Pero es que, además, concurre otro fenómeno para convertir al juez en actor político, incluso contra su propia voluntad. Y es el de la ausencia de mecanismos y criterios claros para regular y exigir la responsabilidad propiamente política a los gobernantes, de forma que, ante tal ausencia, se produce un constante recurso a la responsabilidad judicial. La proliferación de 'juicios políticos' se debe, en gran parte, a la inexistencia de una política responsable por parte de los propios políticos. Los deberes que éstos no quieren hacer ni asumir acaban transferidos al mundo de los jueces. Dicho en román paladino, si ningún político acepta dimitir mientras no le condene un juez, será inevitable que sus opositores acudan a los jueces con querellas. Los jueces no son así sino la (mala) solución de los problemas que la política no quiere afrontar. Esto, como veremos, es algo especialmente evidente en el caso español.

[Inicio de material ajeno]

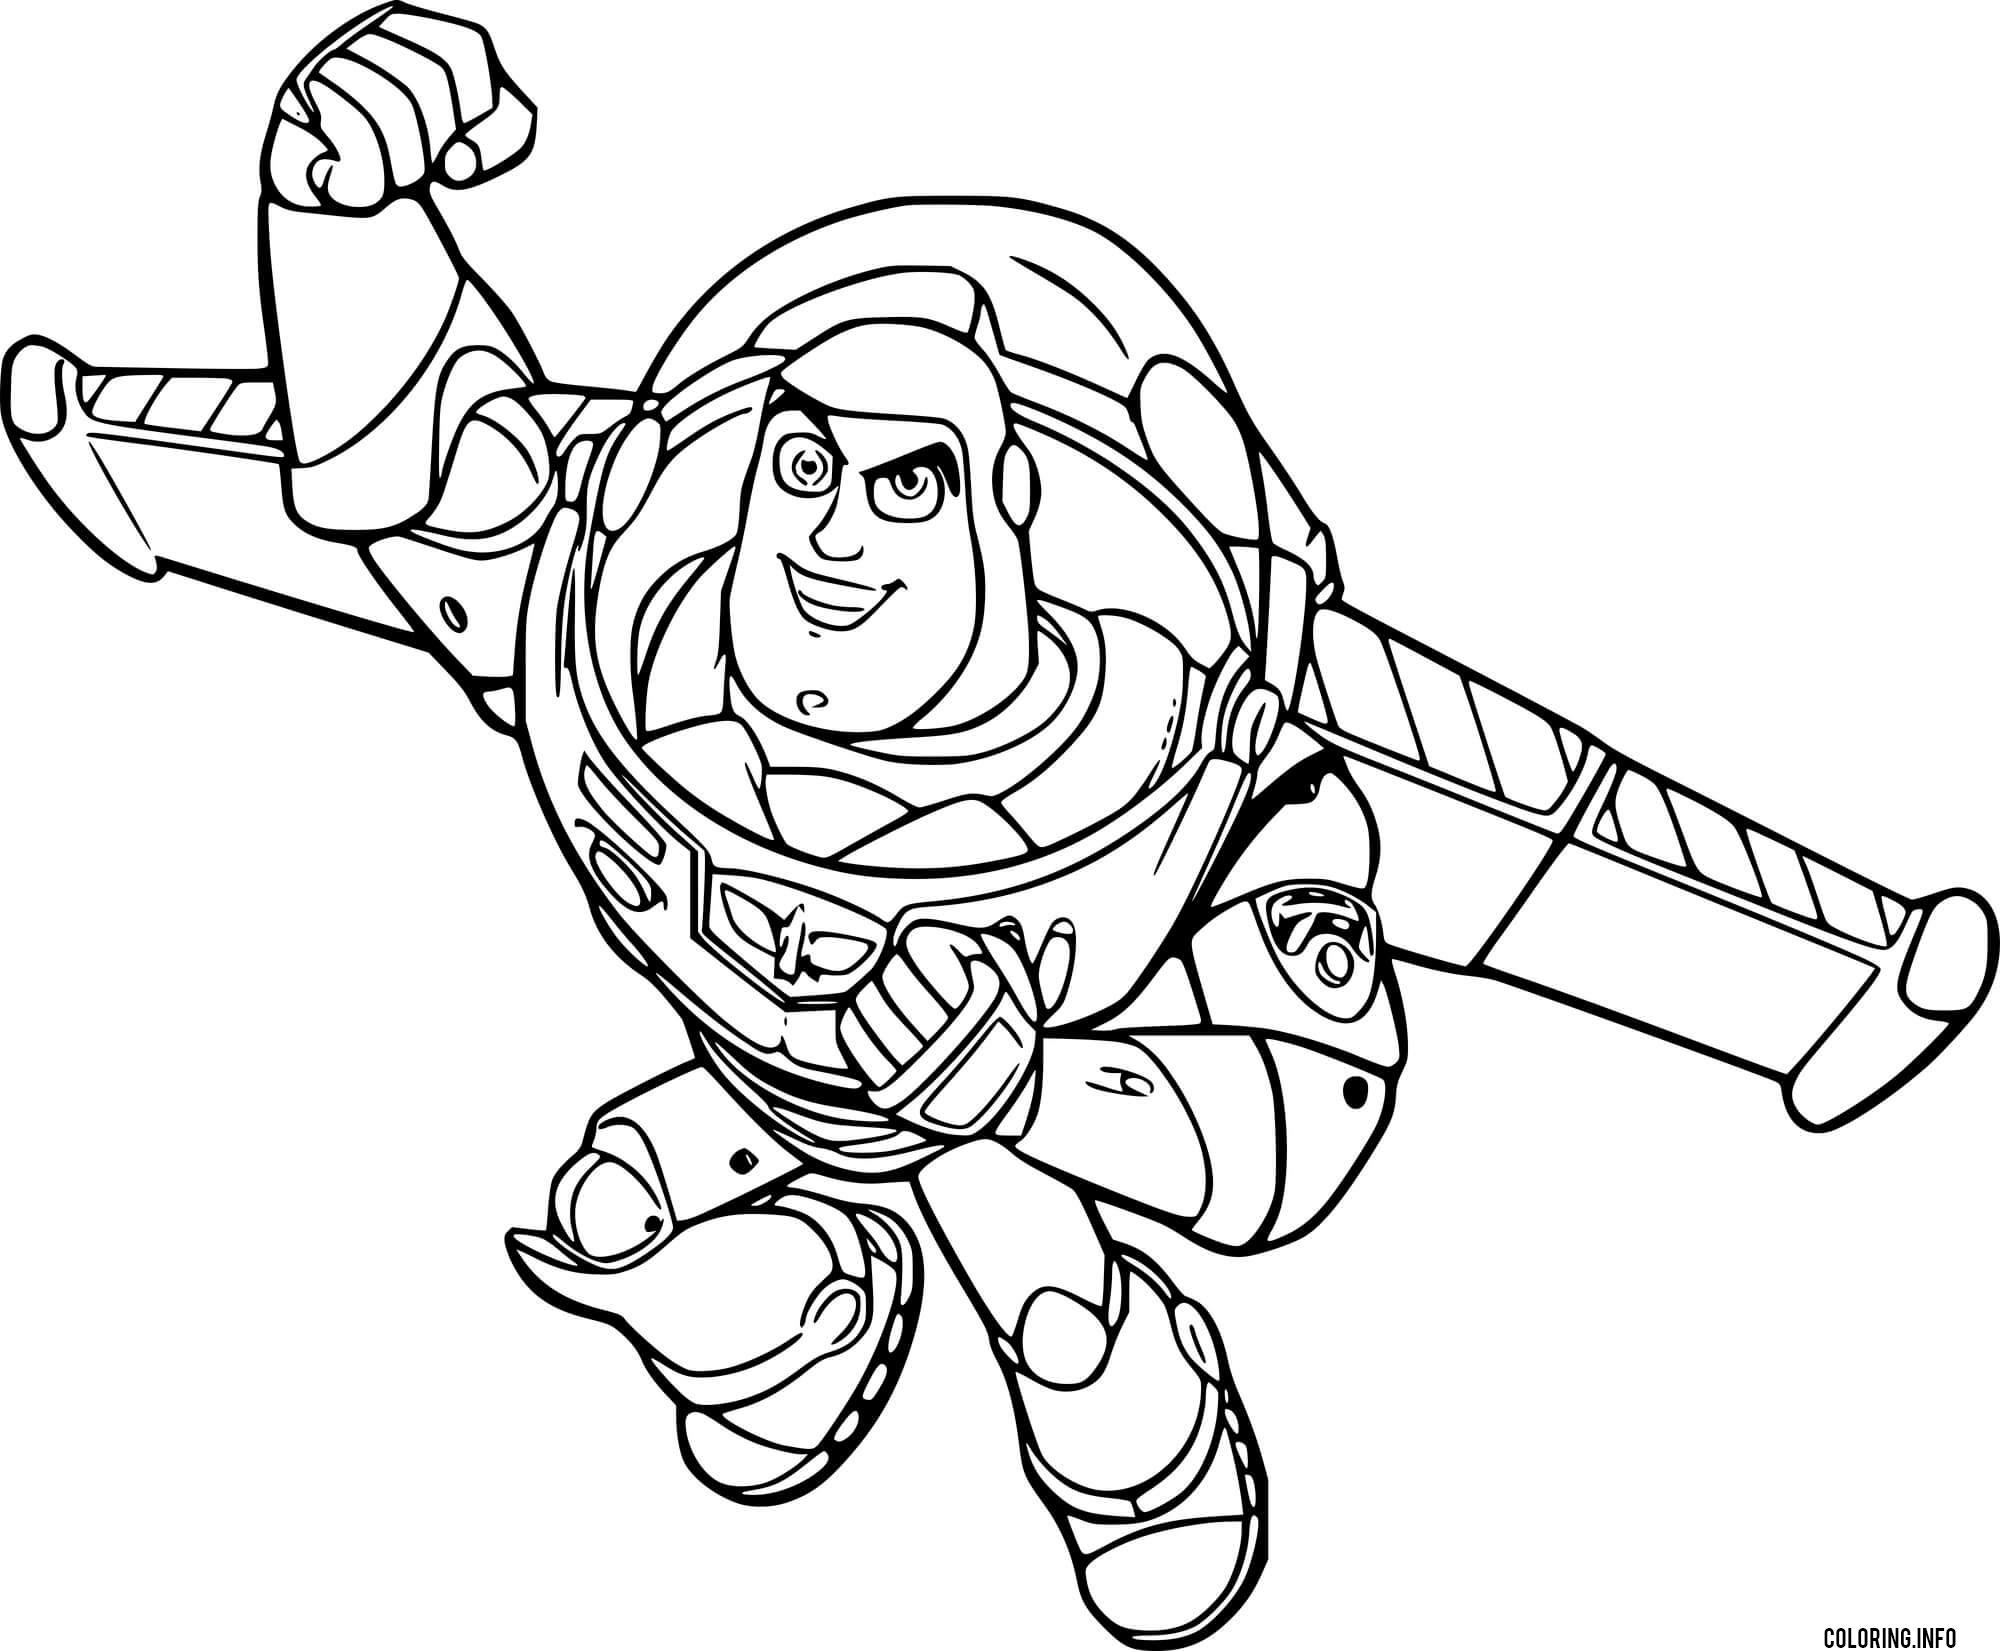 Happy Buzz Lightyear coloring

La resultante de toda esta evolución es la 'democracia judicial' que tenemos, la conversión de los tribunales en actores políticos dotados de poder propio. Lo cual no es necesariamente negativo para la democracia, puesto que en un sistema en que el Parlamento ha quedado reducido a poco más que una cámara de resonancia del poder ejecutivo, alguien tiene que asumir el poder de contrapeso al Gobierno. Pero plantea difíciles problemas a la práctica democrática, como son los de controlar ese poder (todo poder debe ser controlado, incluso el de los controladores del poder) y hacerlo responsable ante alguien (¿y cómo hacerlo cuando el poder judicial es un poder atomizado en multitud de jueces y tribunales?). Pero no se trata ahora de esta cuestión general, sino de aplicar lo que llevamos dicho a la situación de aparente y escandalosa colisión entre política y justicia que vivimos en nuestro país, una situación en la que los jueces procesan a los políticos, y éstos acusan a las decisiones judiciales de ser una rémora para los deseos de paz de la sociedad. ¿Qué está pasando?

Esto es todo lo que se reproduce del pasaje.